Workers' Comp 2019: Sixth Straight Year of Underwriting Profits Amidst Economic Shifts
Underwriting Profits Continue Despite Slight Decline
Private workers compensation insurers experienced a slight dip in profitability in 2019 compared to their record-breaking 2018 performance, according to a preliminary analysis by the National Council of Compensation Insurance (NCCI). The combined ratio, a measure of insurer profitability, is estimated to be around 87 percent for 2019, making it the second-lowest in recent history after last year's record-low 83.2 percent.
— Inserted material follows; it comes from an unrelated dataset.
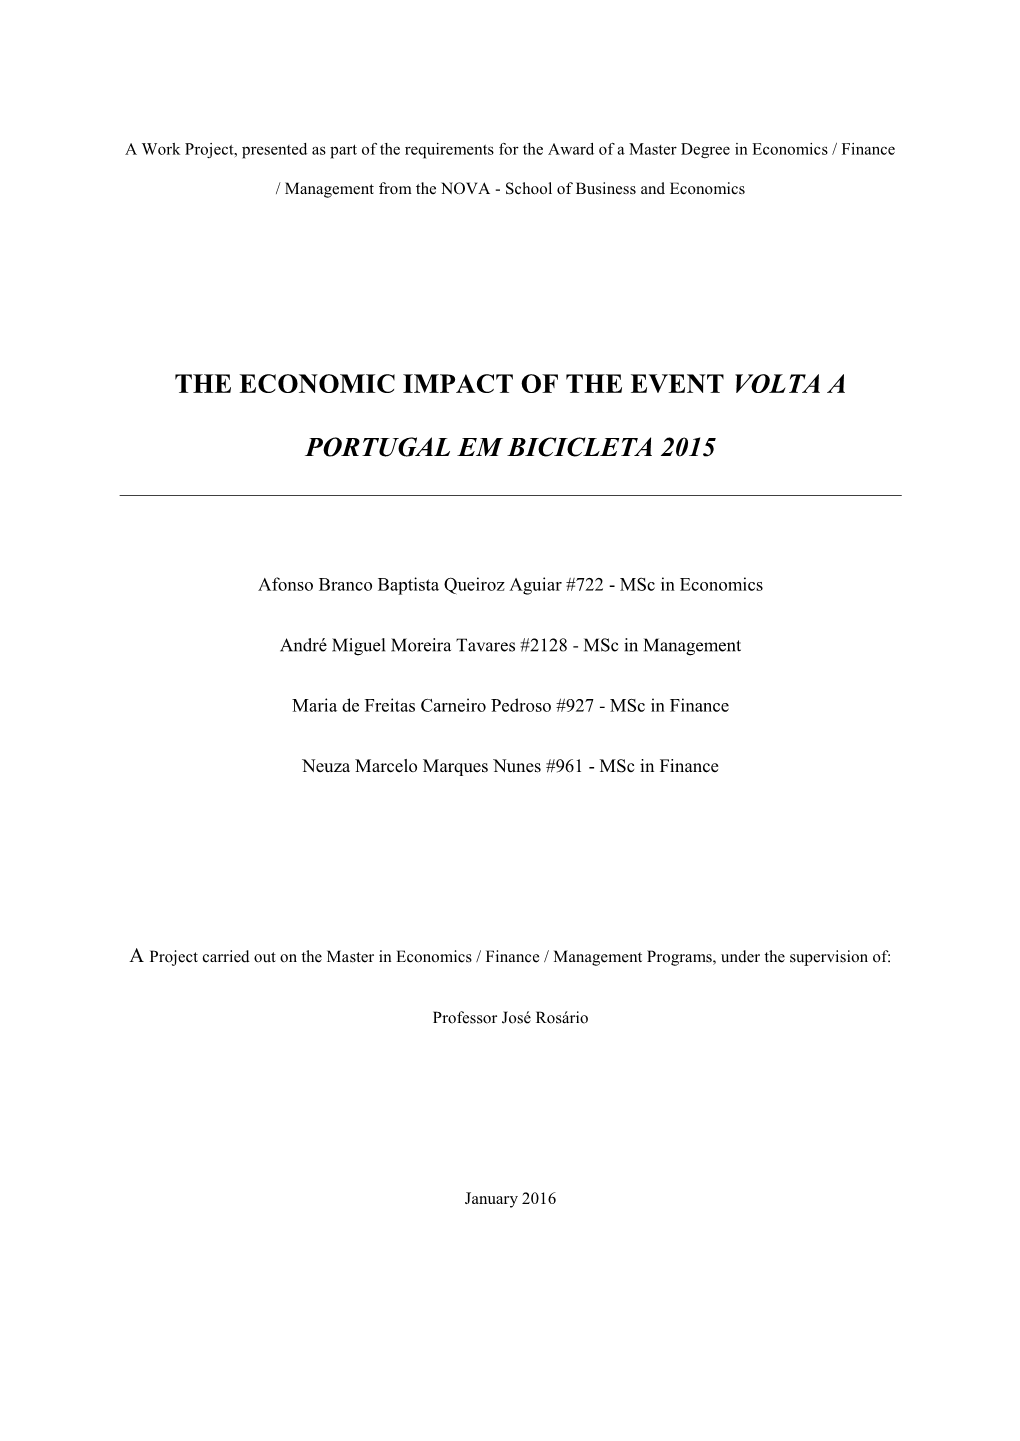 The Economic Impact of the Event Volta a Portugal Em

Net Premiums Written Show Decline
Workers' compensation net premiums written (NPW) fell by 3.9 percent in 2019, dropping to $41.6 billion from $43.3 billion in 2018. The decline in NPW can be attributed to the Base Erosion Anti-Abuse Tax (BEAT) component of the Tax Cuts and Jobs Act of 2017, which limited multinational corporations' ability to shift profits from the United States by making tax-deductible payments to affiliates in low-tax countries. This led to a nearly 9 percent growth in NPW in 2018, but the residual effect of BEAT and the strong economy were not enough to counterbalance the recent decreases in rates and loss costs in 2019.
Impact of Rate/Loss Cost Changes
Changes in rates and loss costs significantly impact premium growth and reflect various factors affecting system costs, such as economic changes, cost containment initiatives, and reforms. NCCI anticipates a 10 percent average decrease in premiums for 2019 due to rate/loss cost filings made in jurisdictions for which NCCI provides ratemaking services. The State of the Line Report, which presents these findings, was discussed at NCCI's Annual Issues Symposium (AIS) in May.
For readers, it's crucial to stay informed about the economic and regulatory shifts that can impact workers' compensation premiums and overall profitability. Keeping an eye on reports like NCCI's State of the Line Report can provide valuable insights into these trends.